THEATRE REVIEW: Great Expectations starring Eddie Izzard at the Garrick Theatre

By Neil Durham


WHEN?: Wednesday 24 May, runs until 1 July 2023 RUNTIME: 135 minutes (including a 20-minute interval)

The most emotional moments during this 1-woman performance of the Dickens coming of age classic are when Izzard, who plays all the 20-or-so parts, conveys the heartache of not being the choice of someone loved by main character Pip.

  • Read on for reasons including how there aren’t many people we could think of who could carry this off

Adapted by Izzard’s brother Mark, Great Expectations is the story of orphan Pip and the mystery benefactor who brings him to London to educate him to become a gentleman.

It was first published as a serial by Charles Dickens between 1860 and 1861 and features many well-known characters including Miss Havisham, who wears an old wedding dress after she was jilted on her wedding day, her cold adopted daughter Estella, who Pip falls for, and escaped convict Abel Magwitch who Pip helps.

Izzard and Dickens share a birthday 150 years apart and Izzard explains in the programme that, having dyslexia, she has never read a great work of literature so decided to record an audiobook of Great Expectations.

Izzard is a gifted storyteller and distinguishes between speakers by turning between nearly every line of dialogue to face the opposite direction in a technique borrowed from Richard Pryor’s stand-up.

The comedienne completed 43 marathons in 51 days for Sport Relief in 2009 and 27 marathons in 27 days in South Africa in honour of Nelson Mandela raising £1.35 million in 2016 and clearly doesn’t do things by halves.

First performed as a monologue at the end of last year during a 9-week run on Broadway at the Greenwich House Theater, Manhattan, this is an incredibly impressive piece of memory as anysolo show of this length must be.

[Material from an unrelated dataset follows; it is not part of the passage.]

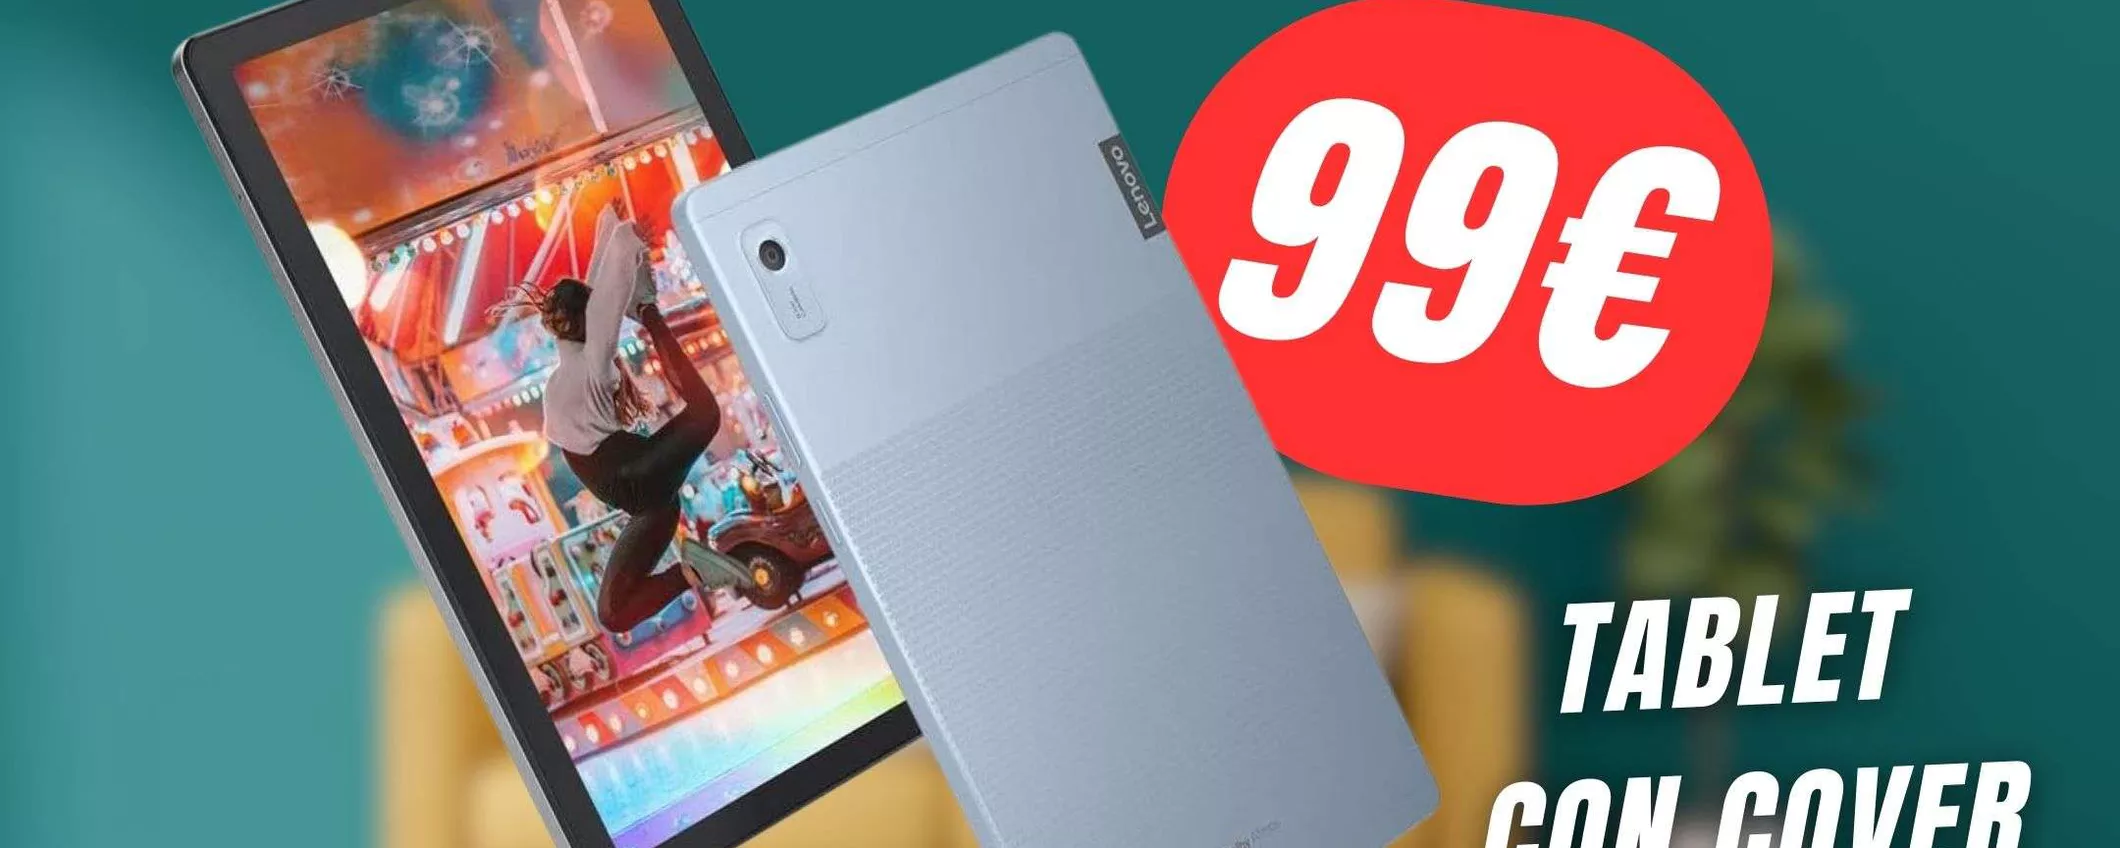 Questo Tablet di Lenovo costa meno di 100€ (e ha la COVER inclusa)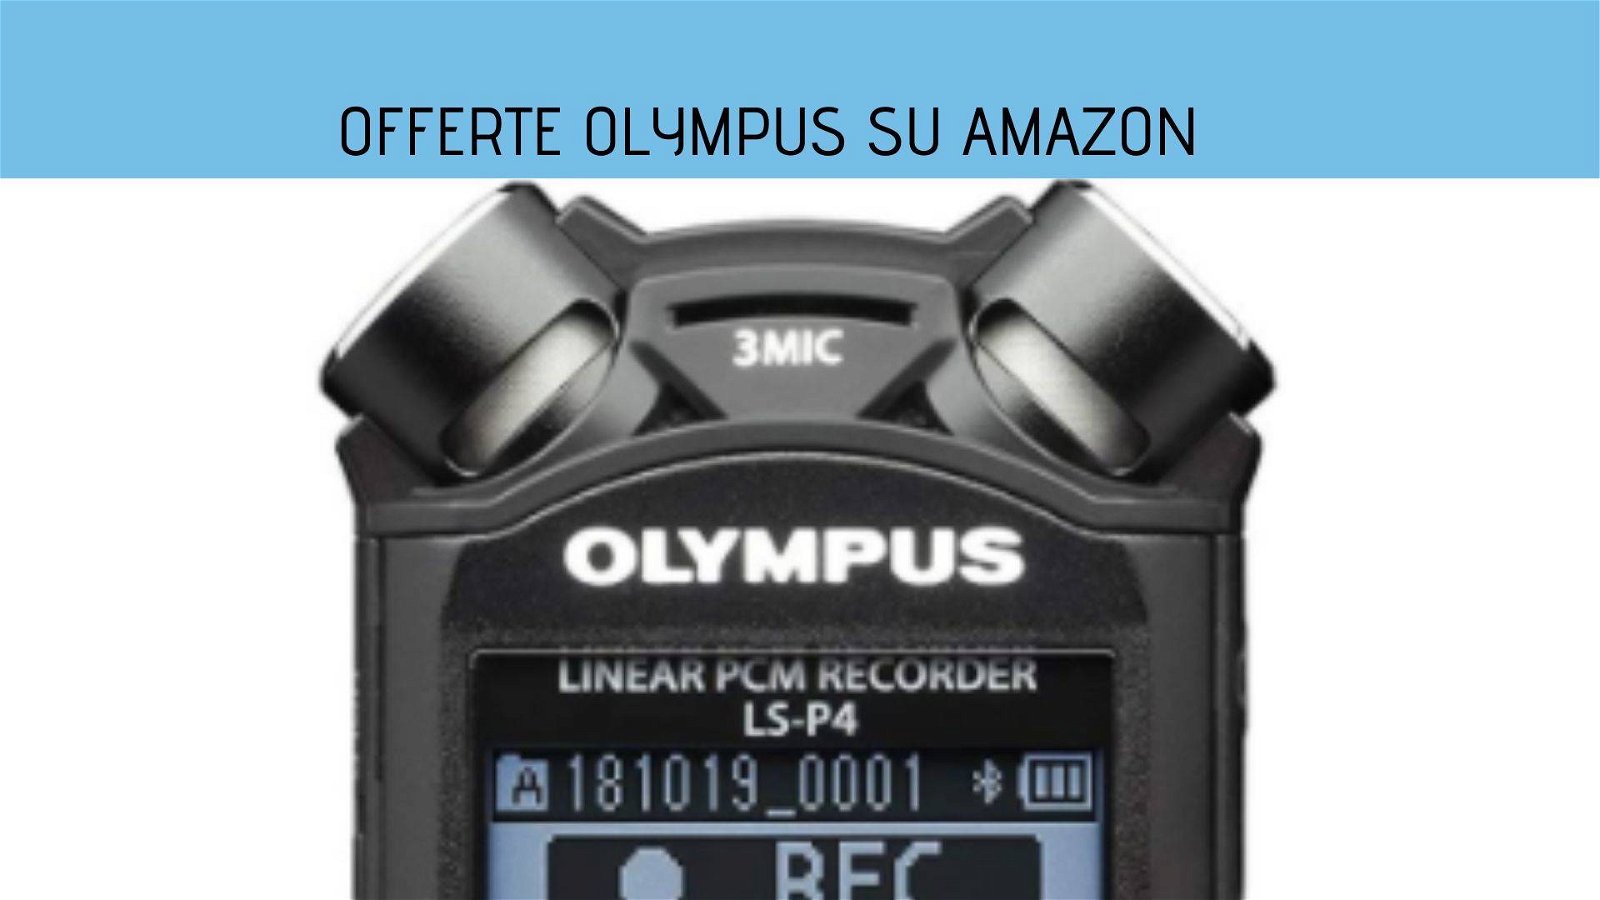 Immagine di Offerte Olympus su Amazon: sconti su registratori ed obiettivi

Dickens was renowned for his complex plots and, although this is very much an abridged version, there is a lot to explain and while Izzard is occasionally very funny this production does occasionally feel like a feast for the ears – like an audiobook – rather than for the eyes also.

Directed simply by Selina Cadell, the stage is framed by both red velvet curtains and torn white netting. Izzard wears lace-up boots, has long bright red finger nails and lips and bleached white hair.

Izzard has always relished a challenge, there’s much to enjoy here and there aren’t many people we can think of who could carry off this kind of theatrical test with quite such charm and feeling.